Referendos que buscam revogar o plano de austeridade grego. Mais à esquerda do mapa-mundi, infelizmente baseado na cartografia eurocêntrica, um partido-movimento na Espanha em pleno crescimento, que buscou suas raízes democráticas nos atuais processos políticos nacionais latino-americanos, como Bolívia, Venezuela e Equador[ii]. Termos como “Nova Maioria”, “luta contra as castas partidárias” e o resgate de uma democracia participativa na Grécia e na Espanha demonstram que o Socialismo do Século XXI construiu um Iluminismo às avessas, de sentido sul-periferias do norte, que hoje gera novas perspectivas de luta e de defesa dos direitos da classe trabalhadora no Velho Mundo.

Quase trezentos anos depois da Guilhotina e dos sans-cullotes, Robespierre, se vivo, estaria em choque. Seria bom se um médium pudesse entrar em contato com o jacobino. Sinto que, do ponto de vista metafísico, o espírito do líder fundador das esquerdas no mundo deve estar inquieto, transtornado com o potencial do antigo mundo colonial em influenciar com tanto impacto a Grécia e a Espanha.

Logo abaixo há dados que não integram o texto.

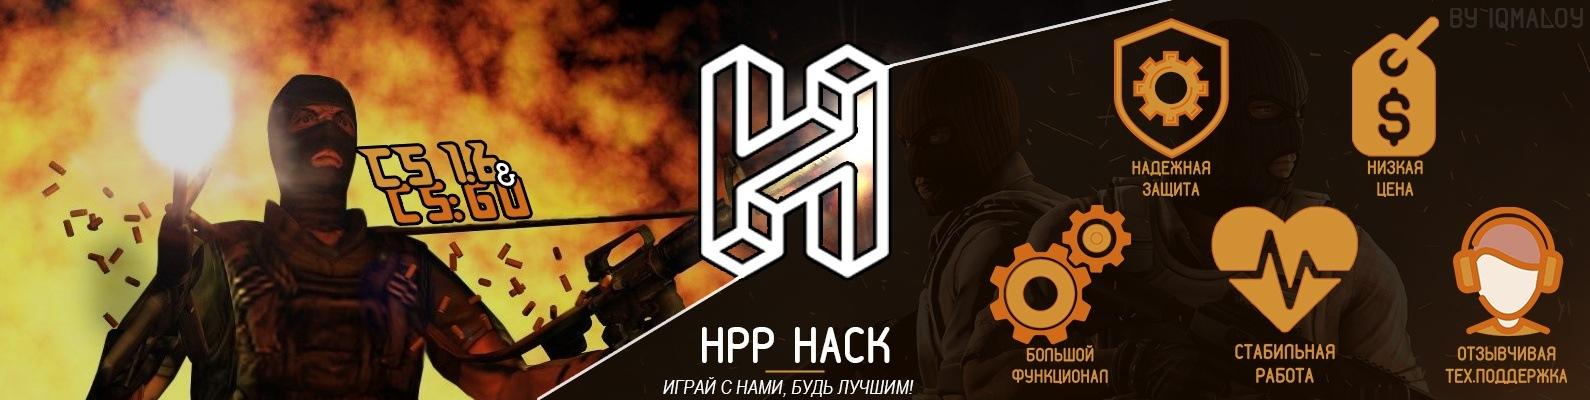 hpp hack 3.5 cs 1.6

A auditoria da dívida pública grega não tem uma matriz teórica fundada em Platão ou em Sócrates. Nem mesmo no bom e velho Marx. Tem uma experiência prática, de poucos anos de distância, na “nação das Bananas” de Rafael Correa. Após a auditoria da dívida equatoriana, reduzida, após uma análise minuciosa, em 70% do valor mentirosamente pago pelos governos oligárquicos anteriores, foi possível dar novos pulmões para a economia nacional, gerando maiores investimentos na área da saúde e educação. Hoje, no meio de uma região indígena, há um centro universitário, inspirado no Massachusetts Institute of Technology estadunidense[iii].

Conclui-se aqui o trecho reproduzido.